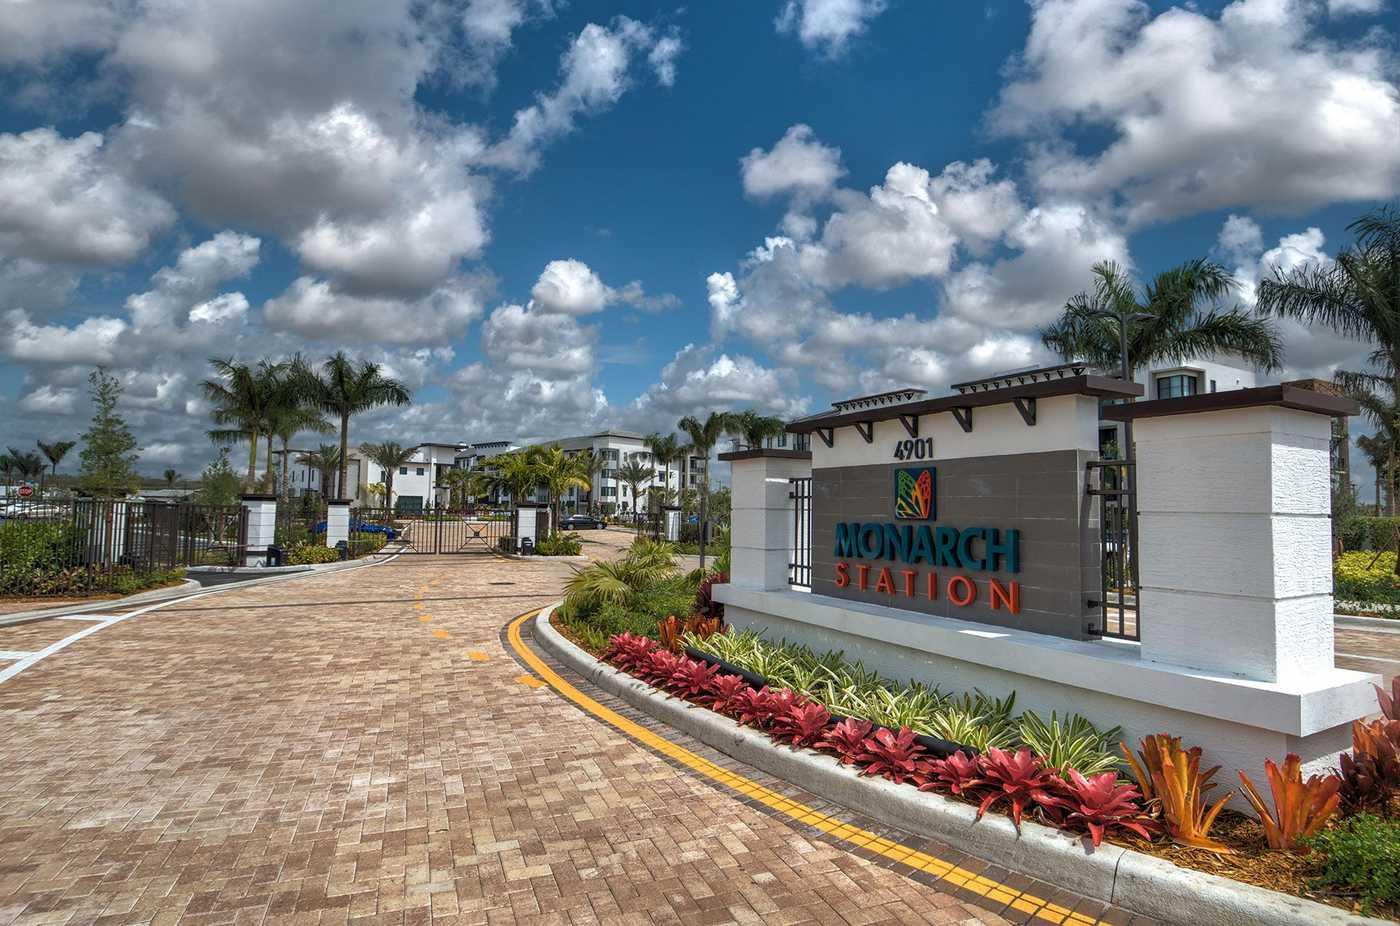 Monarch Station Outside2.jpg
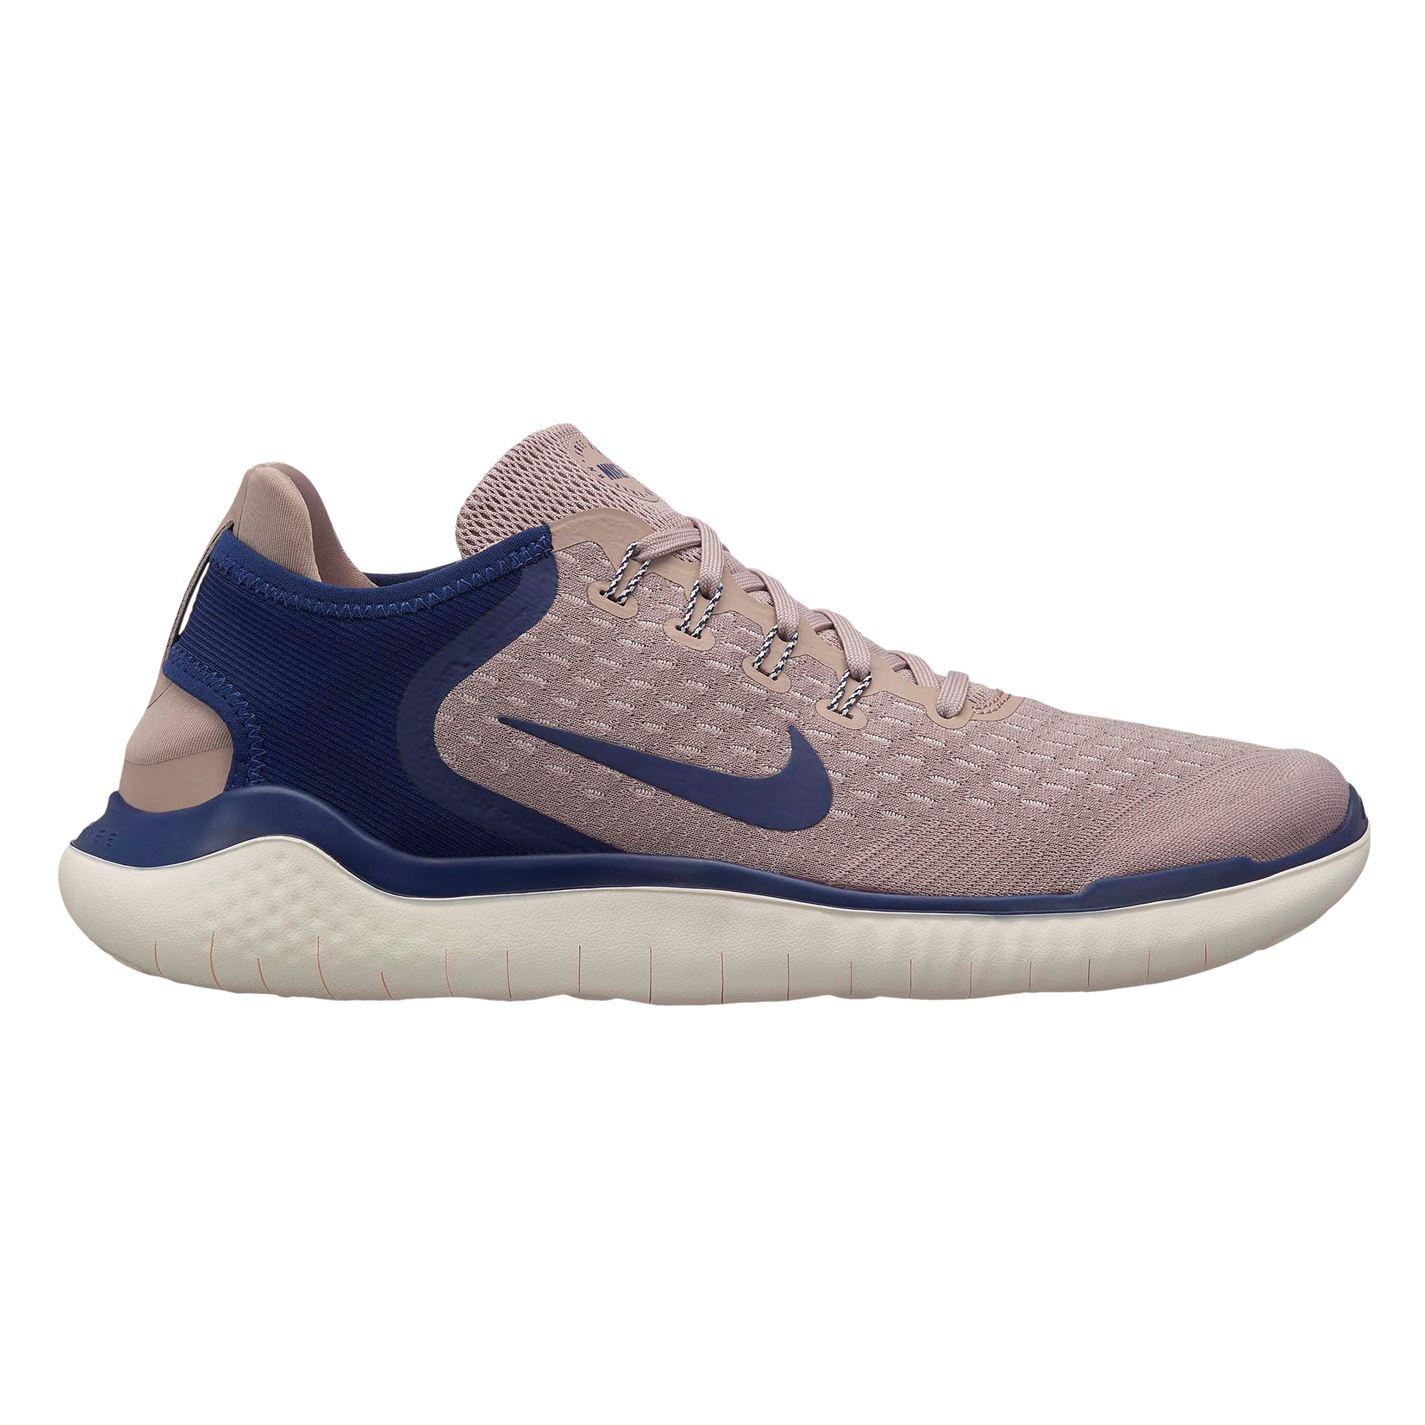 Nike Free Run 2018 pánska bežecká obuv Purple. Nike Free Run 2018 pánska bežecká  obuv Purple  Nike Free Run 2018 pánska bežecká obuv Purple 7a2f18780b1
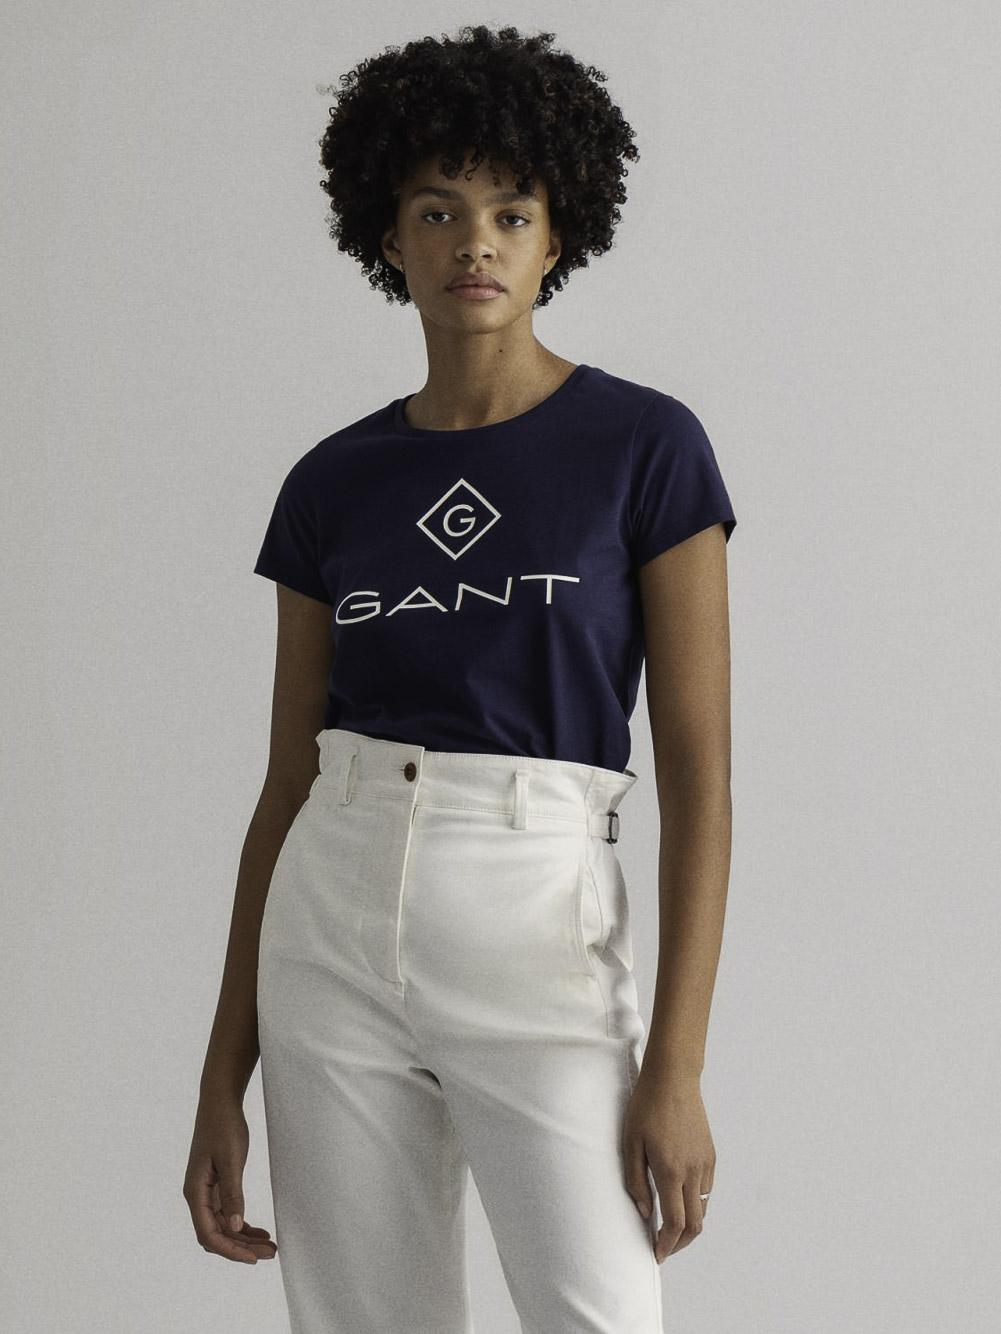 GANT Mπλούζα t-shirt 3GW4200396-433 ΣΚΟΥΡΟ ΜΠΛΕ
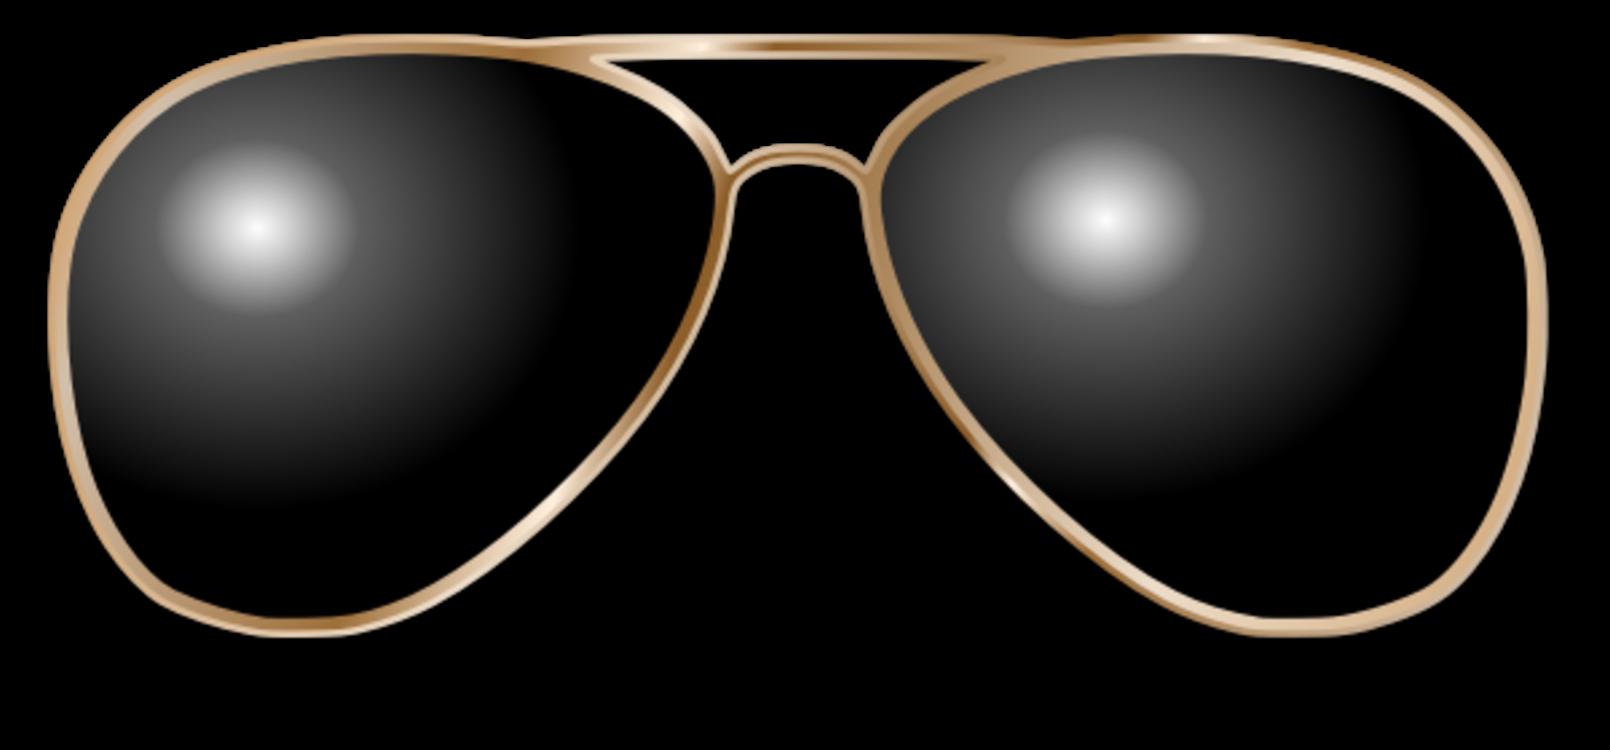 Computer Wallpaper,Sunglasses,Vision Care

____________

Aim of the task
Leave out the pictures and print every line of the data exactly.

Task output
 Monarch Station Outside2.jpg
 Nike Free Run 2018 pánska bežecká obuv Purple. Nike Free Run 2018 pánska bežecká  obuv Purple  Nike Free Run 2018 pánska bežecká obuv Purple 7a2f18780b1
 GANT Mπλούζα t-shirt 3GW4200396-433 ΣΚΟΥΡΟ ΜΠΛΕ
 Computer Wallpaper,Sunglasses,Vision Care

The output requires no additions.